Re: [DISCUSSION] PAssert success/failure count validation for all runners

Posted by Kenneth Knowles <kl...@google.com.INVALID>.

On Sat, Apr 8, 2017 at 7:00 AM, Aljoscha Krettek <al...@apache.org>
wrote:

> @kenn What’s the design you’re mentioning? (I probably missed it because
> I’m not completely up to data on the Jiras and ML because of Flink Forward
> preparations)
>

There are three parts (I hope I say this in a way that makes everyone happy)

1. Each assertion transform is followed by a verifier transform that fails
if it sees a non-success (in addition to bumping metrics).
2. Use the same trick PAssert already uses, flatten in a dummy value to
reduce the risk that the verifier transform never runs.
3. Stable URNs for the assertion and verifier transforms so a runner has a
good chance to wire custom implementations, if it helps.

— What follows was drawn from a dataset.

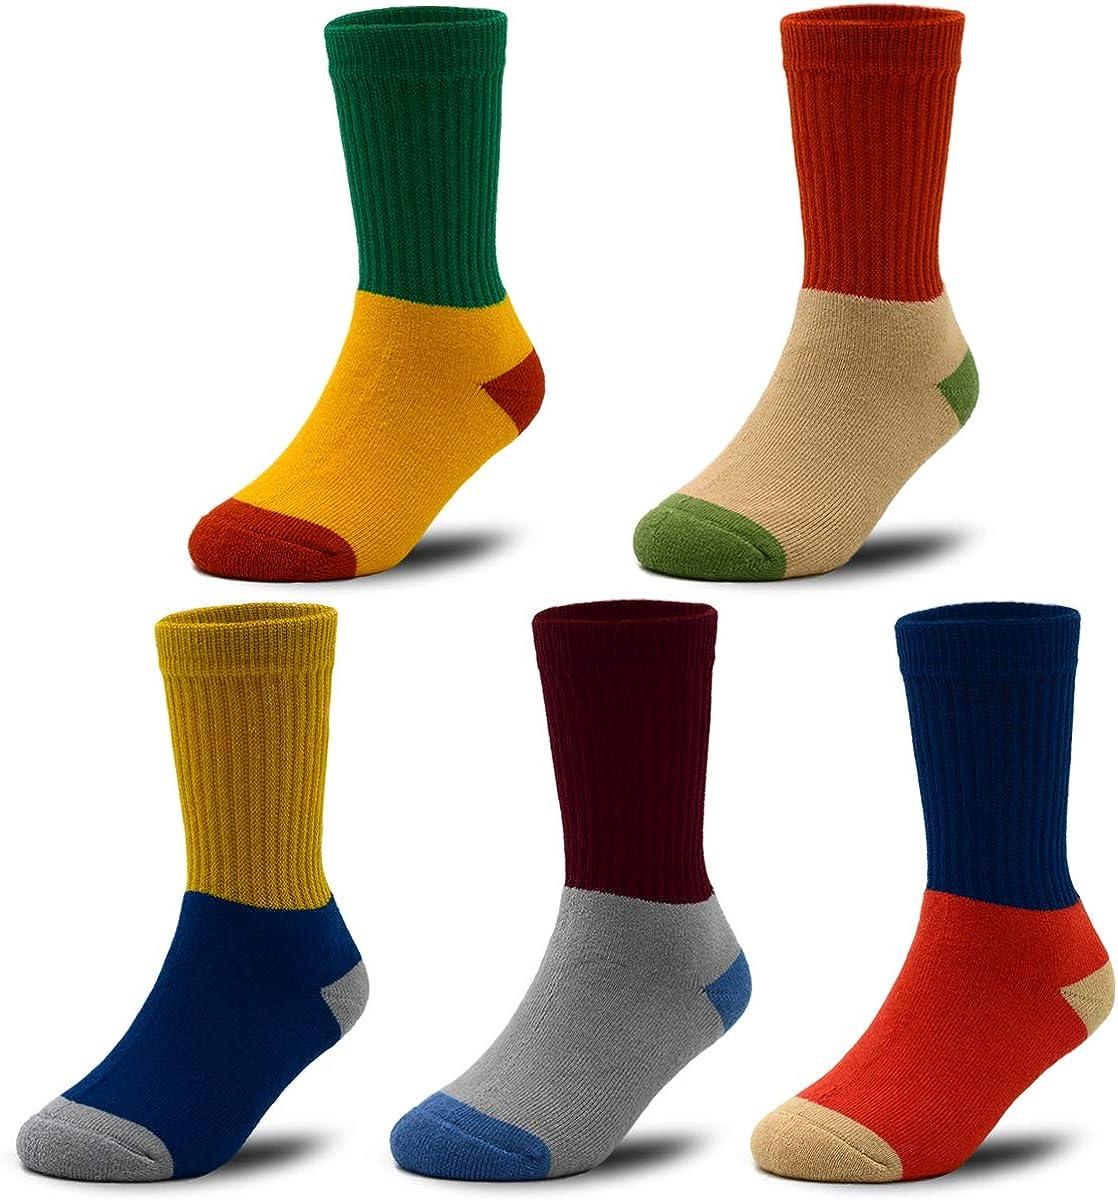 Boys' Thick Cotton Socks Kids Winter Warm Thermal Socks 5-Pack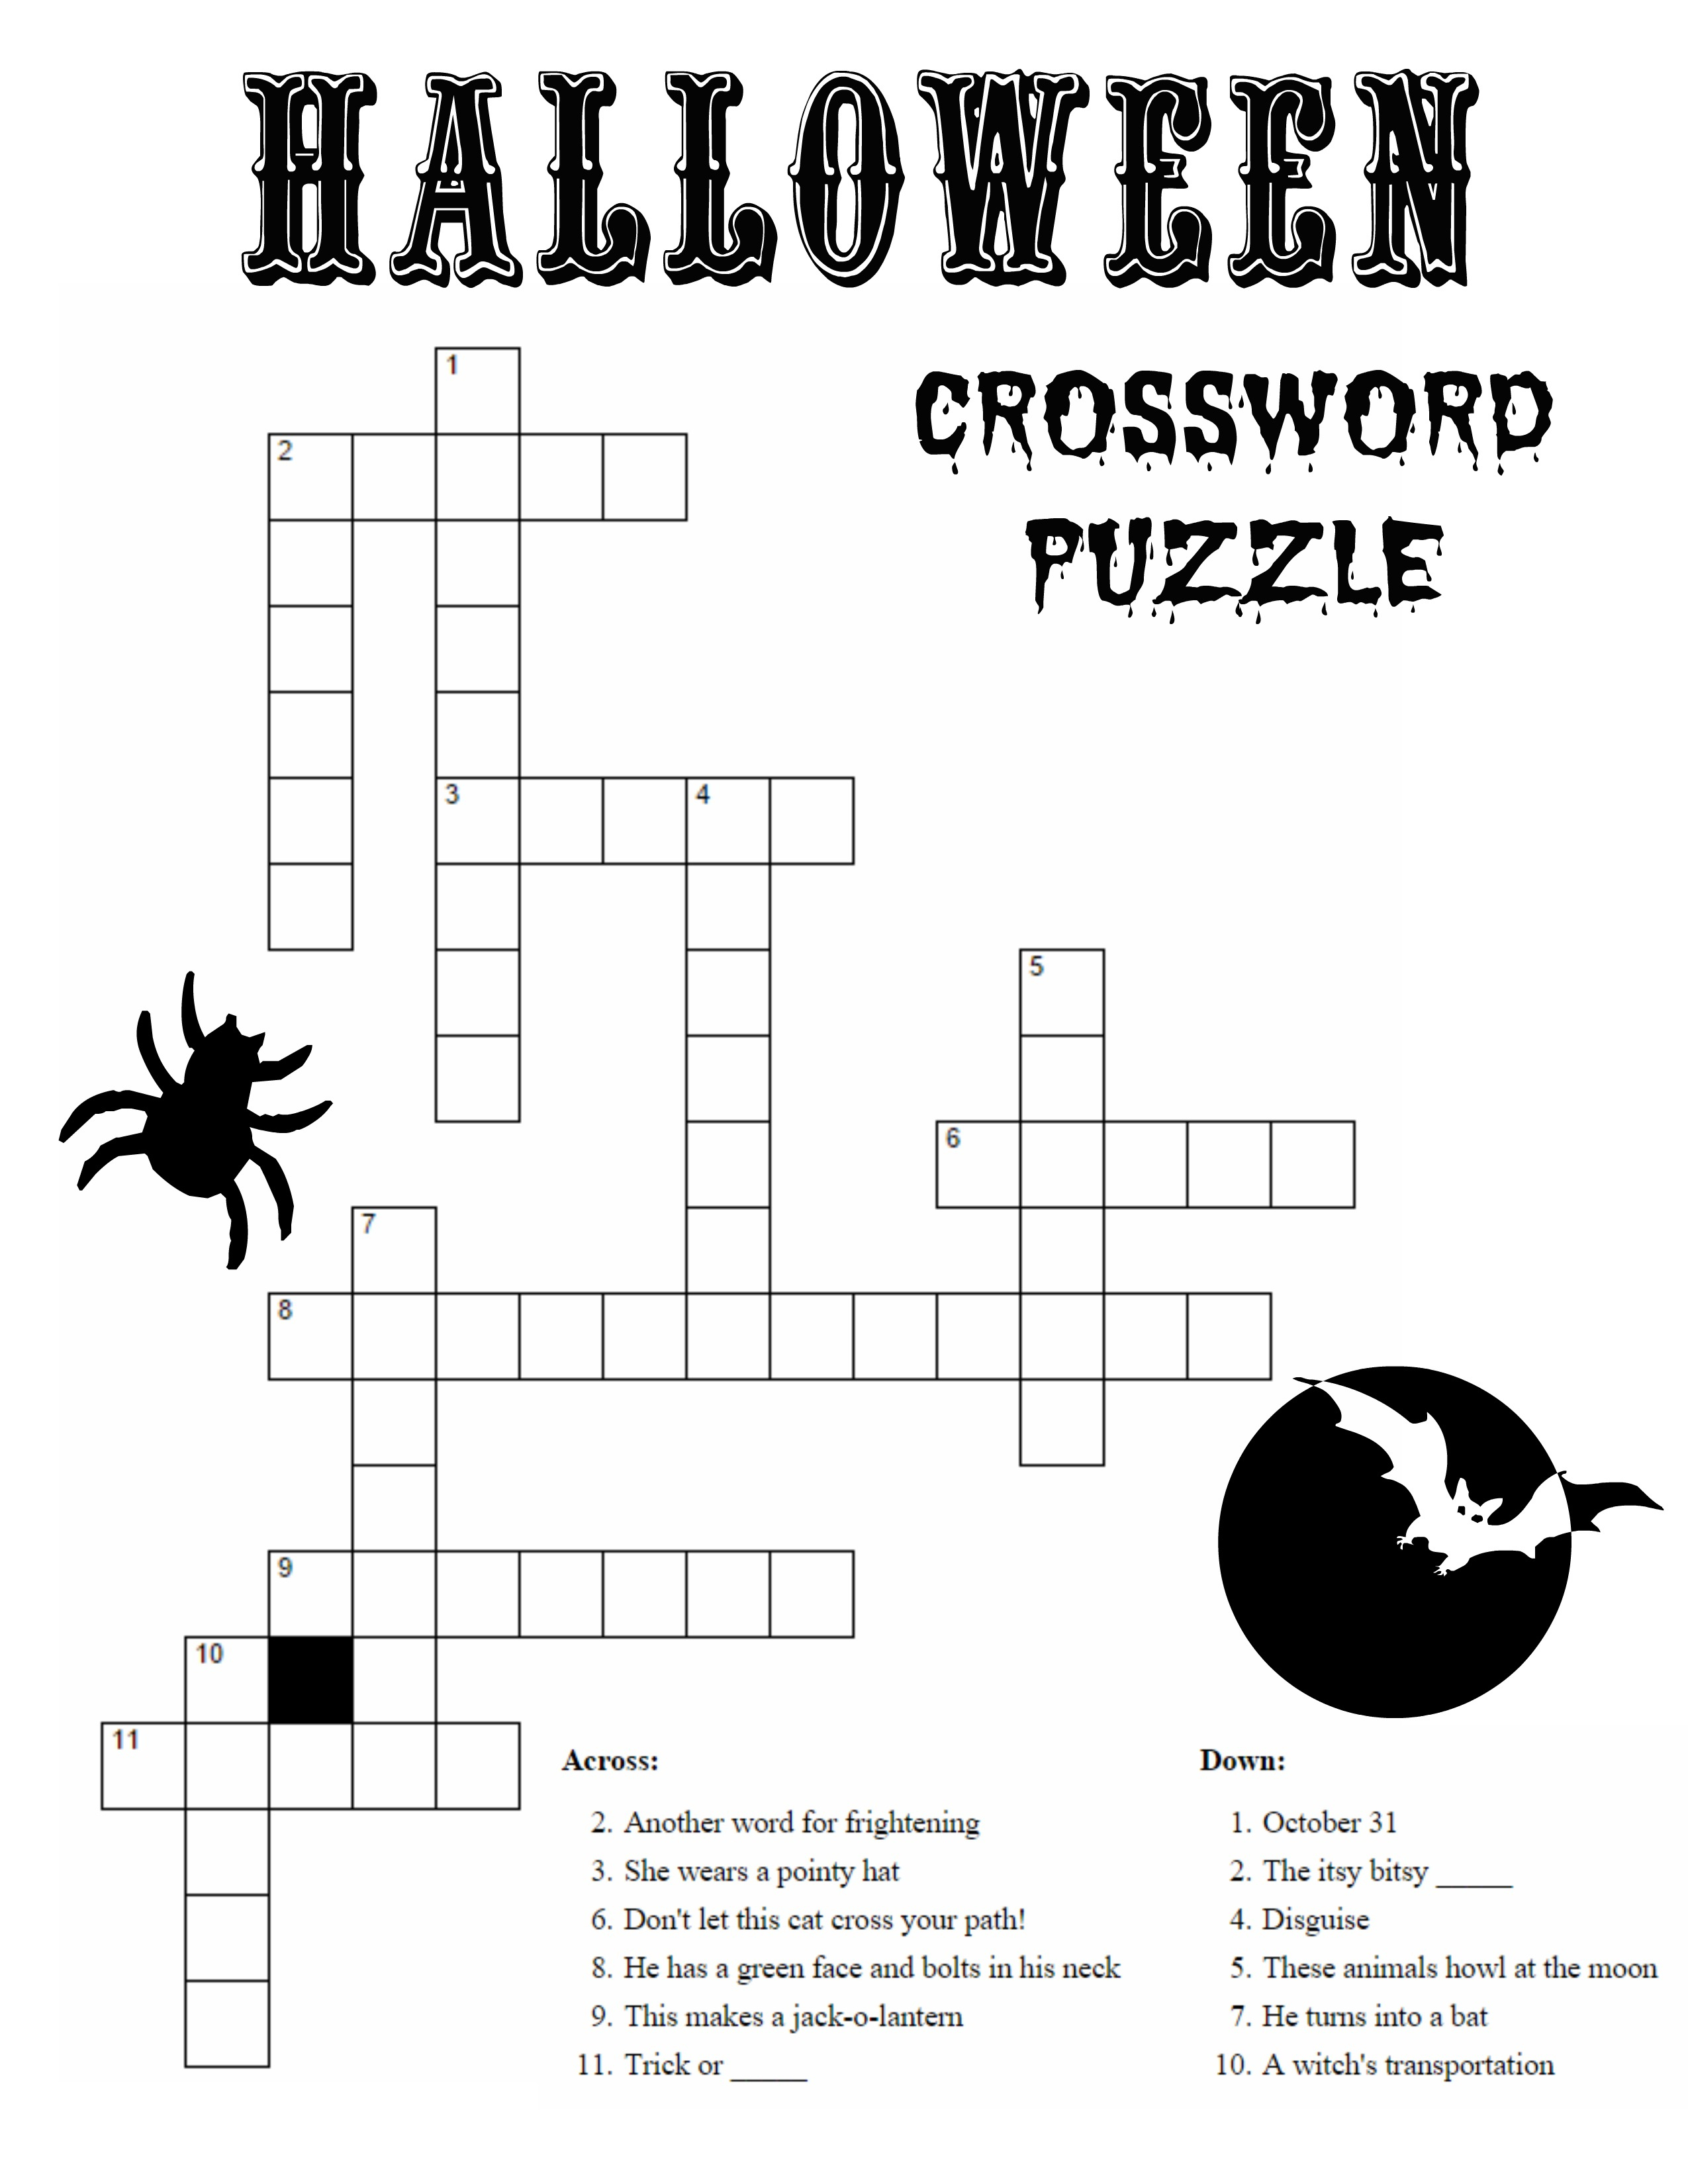 10 Best Photos Of Printable Halloween Word Puzzles - Halloween Word - Printable Crossword Puzzles Halloween

I think someone mentioned it earlier, but these also work better with
metrics that overcount, since it is now about covering the verifier
transforms rather than an absolute number of successes.

Kenn


> > On 7. Apr 2017, at 12:42, Kenneth Knowles <kl...@google.com.INVALID>
> wrote:
> >
> > We also have a design that improves the signal even without metrics, so
> I'm
> > pretty happy with this.
> >
> > On Fri, Apr 7, 2017 at 12:12 PM, Lukasz Cwik <lc...@google.com.invalid>
> > wrote:
> >
> >> I like the usage of metrics since it doesn't depend on external
> resources.
> >> I believe there could be some small amount of code shared between
> runners
> >> for the PAssert metric verification.
> >>
> >> I would say that PAssert by itself and PAssert with metrics are two
> levels
> >> of testing available. For runners that don't support metrics than
> PAssert
> >> gives a signal (albeit weaker one) and ones that do support metrics will
> >> have a stronger signal for execution correctness.
> >>
> >> On Fri, Apr 7, 2017 at 11:59 AM, Aviem Zur <av...@gmail.com> wrote:
> >>
> >>> Currently, PAssert assertions may not happen and tests will pass while
> >>> silently hiding issues.
> >>>
> >>> Up until now, several runners have implemented an assertion that the
> >> number
> >>> of expected successful assertions have actually happened, and that no
> >>> failed assertions have happened. (runners which check this are Dataflow
> >>> runner and Spark runner).
> >>>
> >>> This has been valuable in the past to find bugs which were hidden by
> >>> passing tests.
> >>>
> >>> The work to repeat this in https://issues.apache.org/
> >> jira/browse/BEAM-1726
> >>> has
> >>> surfaced bugs in the Flink runner that were also hidden by passing
> tests.
> >>> However, with the removal of aggregators in
> >>> https://issues.apache.org/jira/browse/BEAM-1148 this ticket will be
> >> harder
> >>> to implement, since Flink runner does not support metrics.
> >>>
> >>> I believe that validating that runners do in fact support Beam model
> is a
> >>> blocker for first stable release. (BEAM-1726 was also marked as a
> blocker
> >>> for Flink runner).
> >>>
> >>> I think we have one of 2 choices here:
> >>> 1. Keep implementing this for each runner separately.
> >>> 2. Implement this in a runner agnostic way (For runners which support
> >>> metrics - use metrics, for those that do not use a fallback
> >> implementation,
> >>> perhaps using files or some other method). This should be covered by
> the
> >>> following ticket: https://issues.apache.org/jira/browse/BEAM-1763
> >>>
> >>> Thoughts?
> >>>
> >>
>
>

Re: [DISCUSSION] PAssert success/failure count validation for all runners

Posted by Aljoscha Krettek <al...@apache.org>.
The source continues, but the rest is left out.